Compensatory Rivalry by Respondents Receiving Less Desirable Treatments: For some studies, the design and plan of the study are publicly known. The control group subjects then know the expected difference between their group and the experimental group and may attempt to reduce or reverse the difference. This phenomenon may have occurred in the national hospice study funded by the Health Care Financing Administration (now CMS [Centers for Medicare/Medicaid Studies]) and conducted by Brown University (Greer, Mor, Sherwood, Morris, & Birnbaum, 1983). In this study, 26 hospices were temporarily reimbursed through Medicare while researchers compared the care given at hospices with that given at hospitals. The study made national headlines and was widely discussed in Congress. Health policy decisions related to the reimbursement of hospice care hinged on the findings of the study. The study found no significant differences in care between the two groups, although there were cost differentials.
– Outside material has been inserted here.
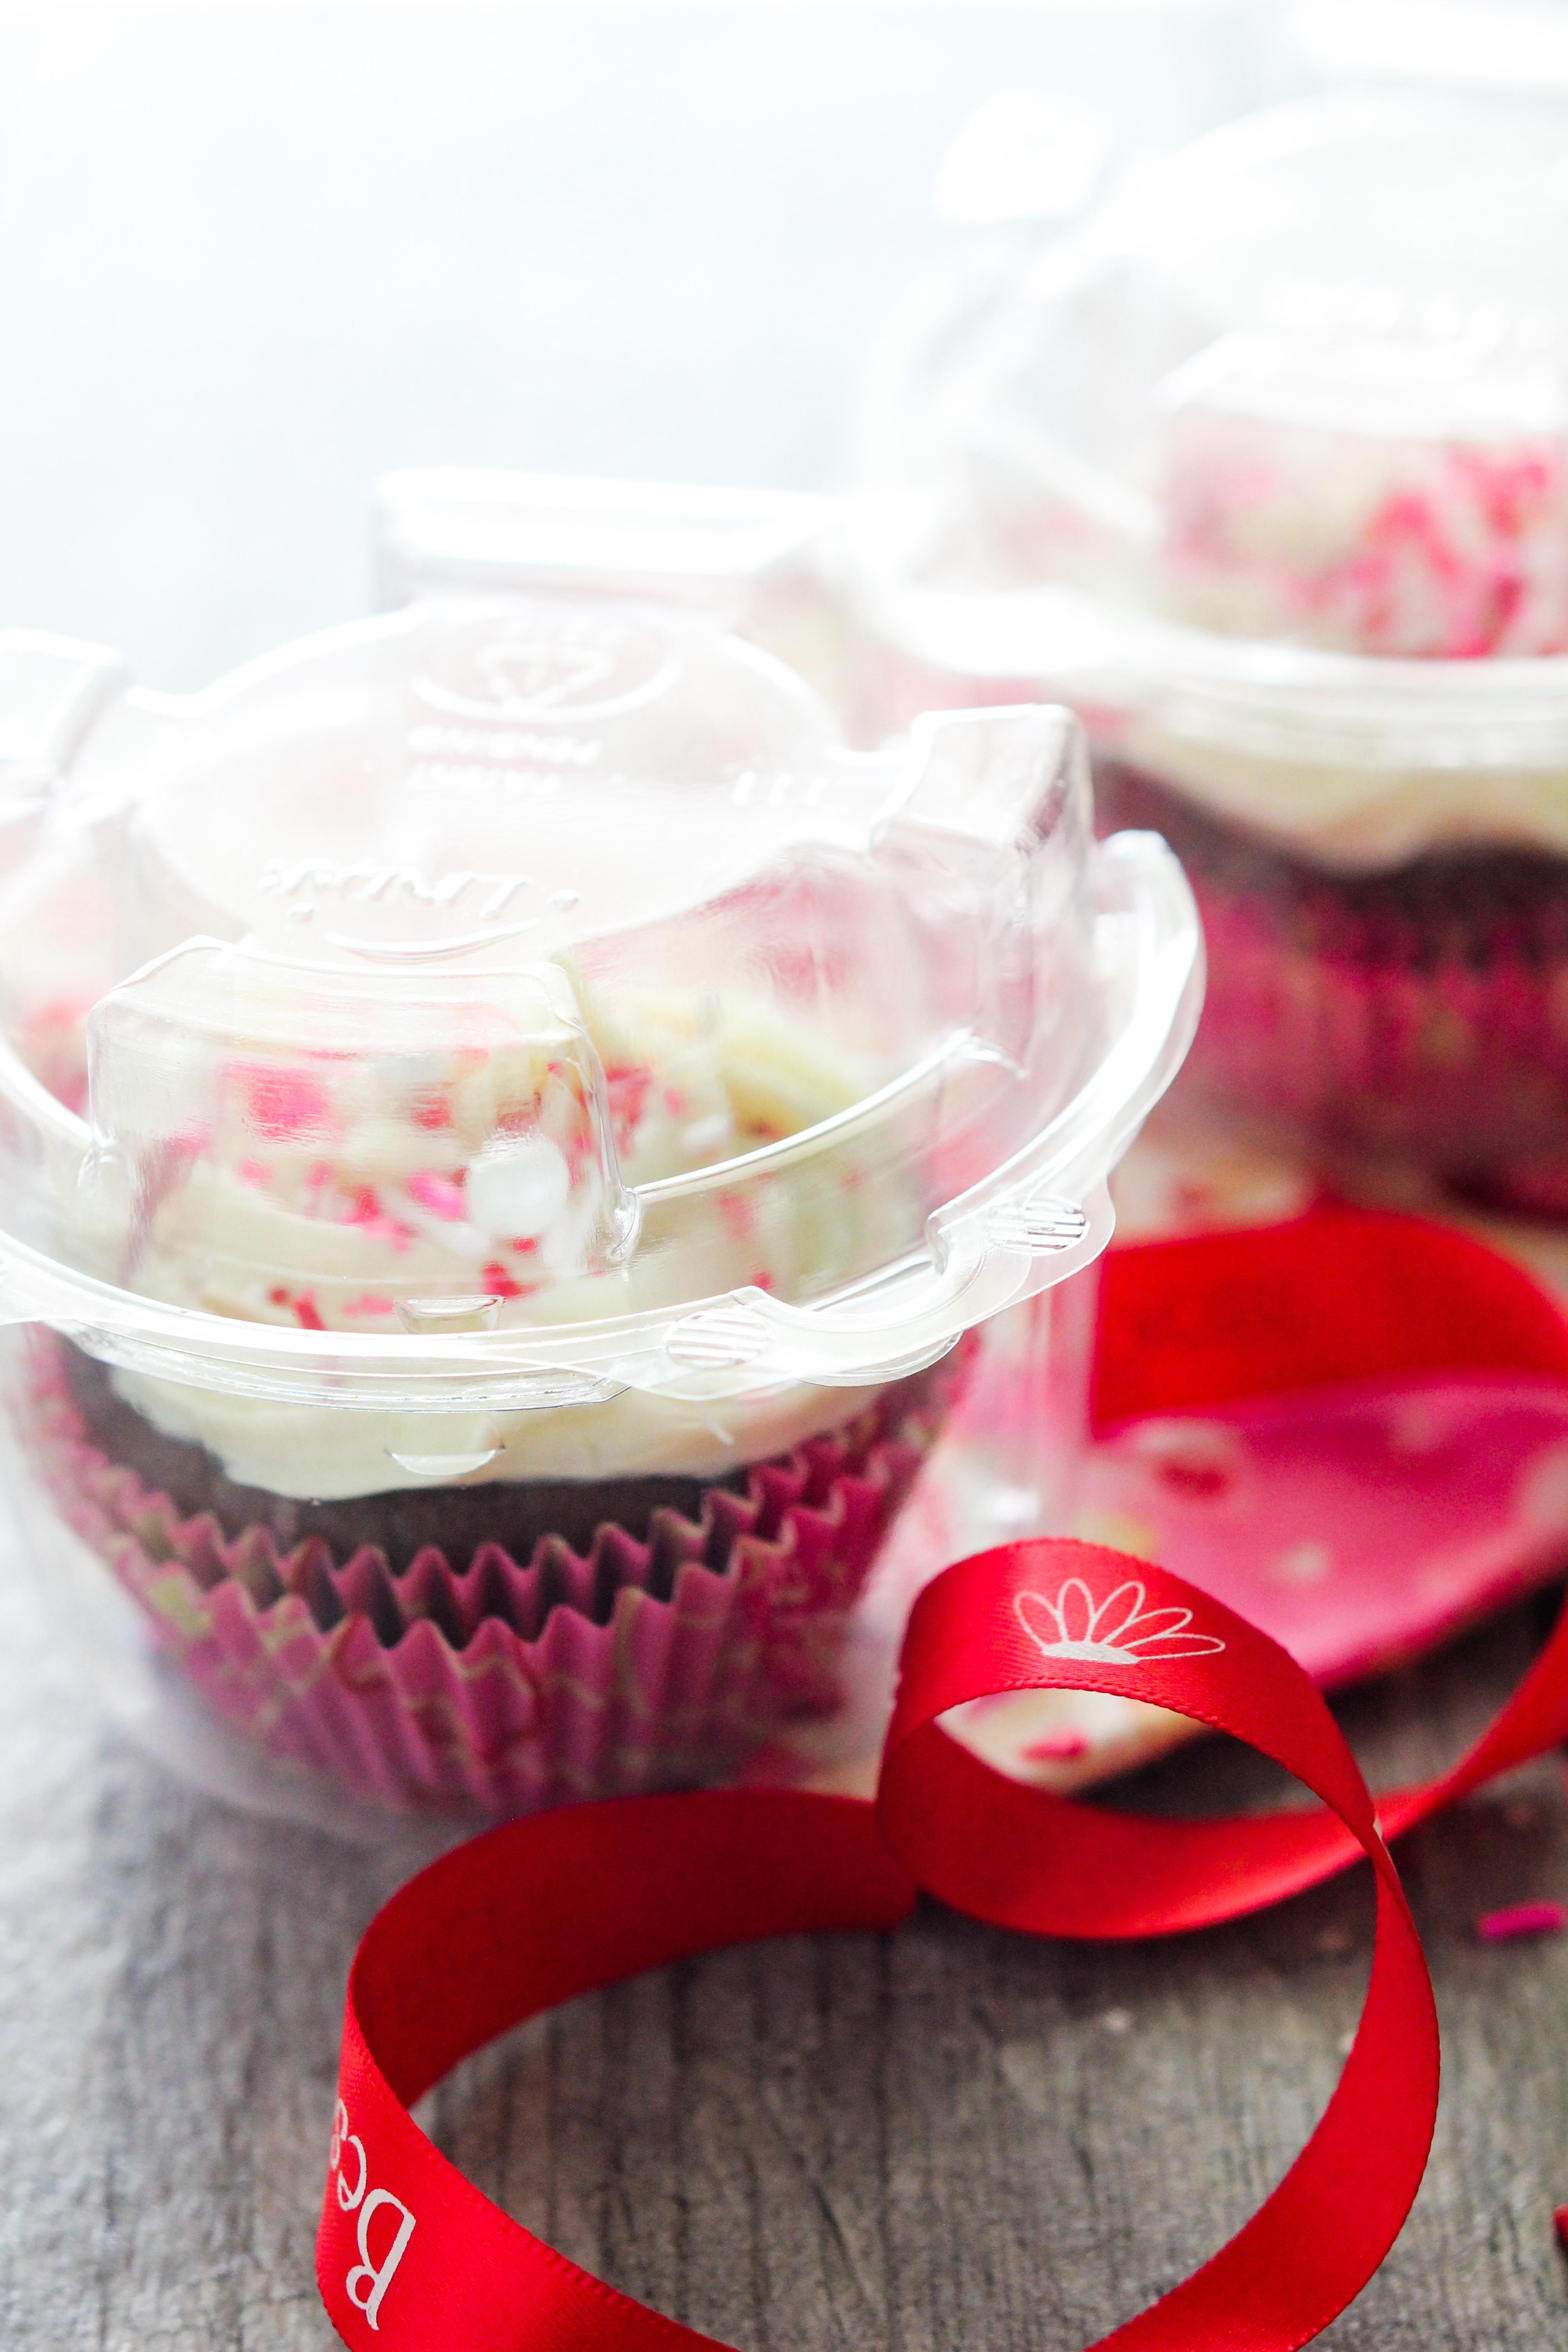 Fudge Filled Chocolate Cupcakes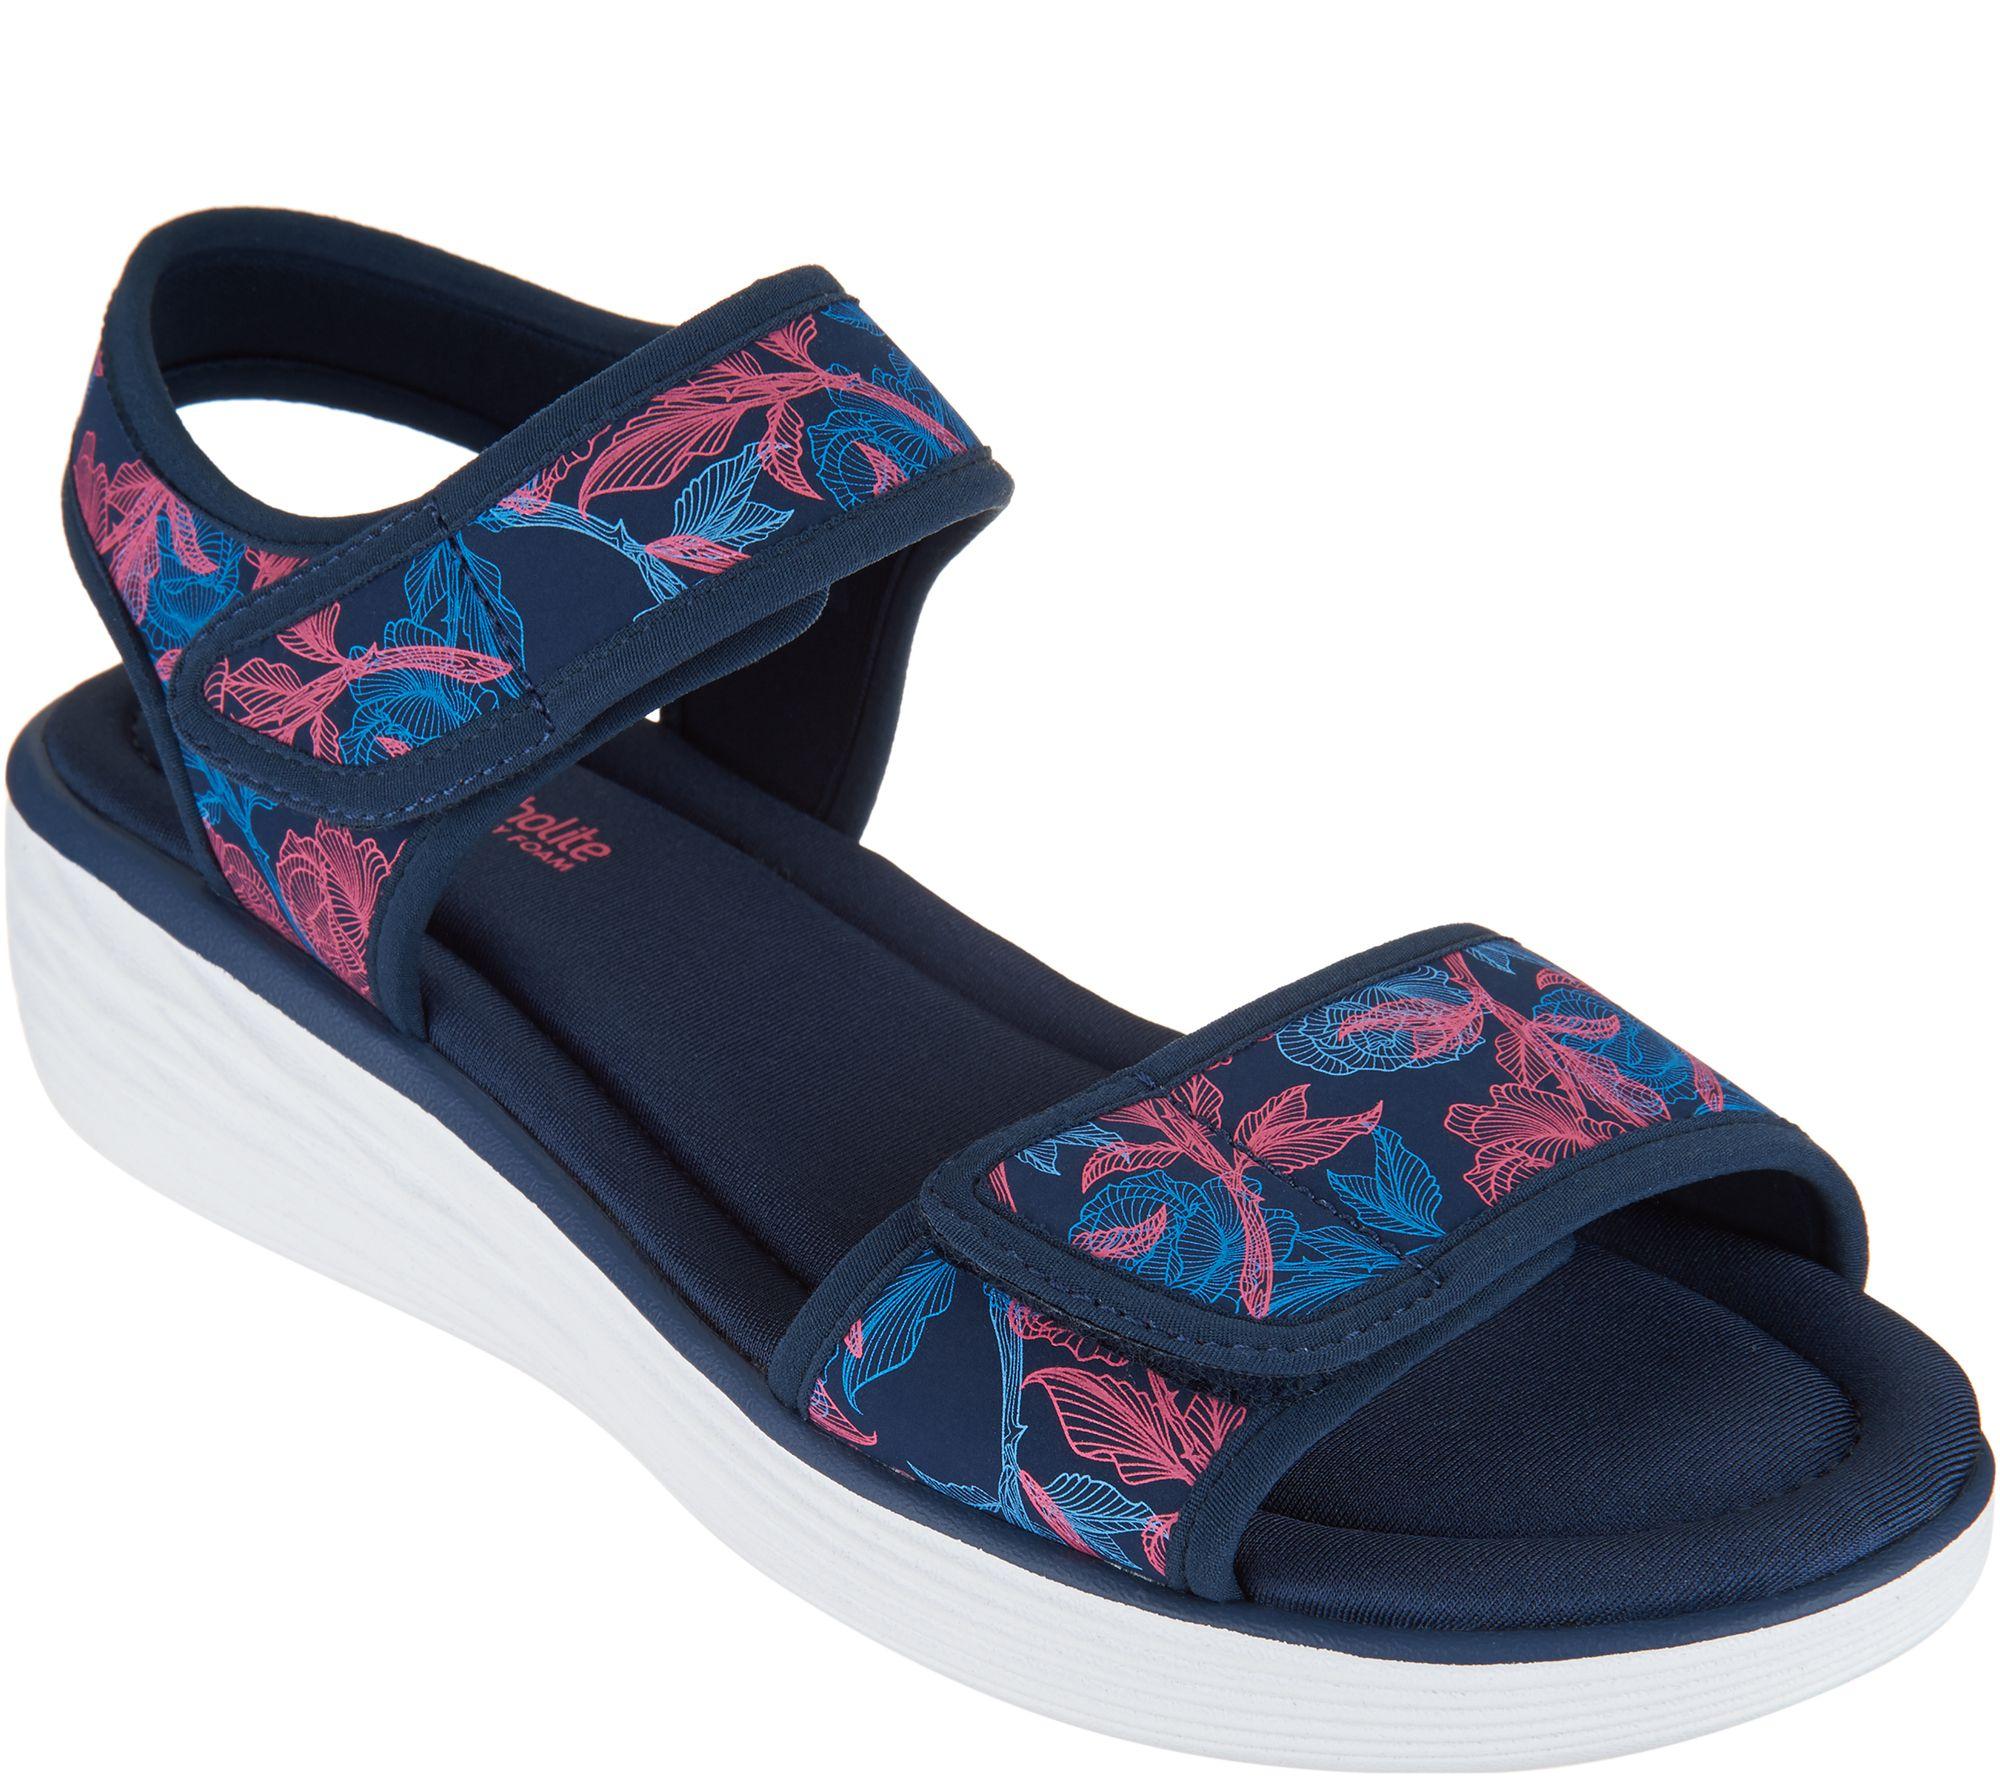 Ryka sandals shoes - Ryka Neoprene Wedge Sport Sandals Nora A292549

In addition to a selection threat (hospitals providing poor care to dying cancer patients were unlikely to agree to participate in the study), health care professionals in the hospitals selected may have been determined to counter the criticism that the care they provided was poor. This rivalry could have influenced the outcomes of the study and thus threatened its validity.
Resentful Demoralization of Respondents Receiving Less Desirable Treatments: If control group subjects believe that they are receiving less desirable treatment, they may withdraw, give up, or become angry. Changes in behavior resulting from this reaction rather than from the treatment can lead to differences that cannot be attributed to the treatment.
Construct validity examines the fit between the conceptual definitions and operational definitions of variables. Theoretical constructs or concepts are defined within the framework (conceptual definitions). These conceptual definitions provide the basis for the operational definitions of the variables. Operational definitions (methods of measurement) must validly reflect the theoretical constructs. (Theoretical constructs were discussed in Chapter 7; conceptual and operational definitions of concepts and variables were discussed in Chapter 8.)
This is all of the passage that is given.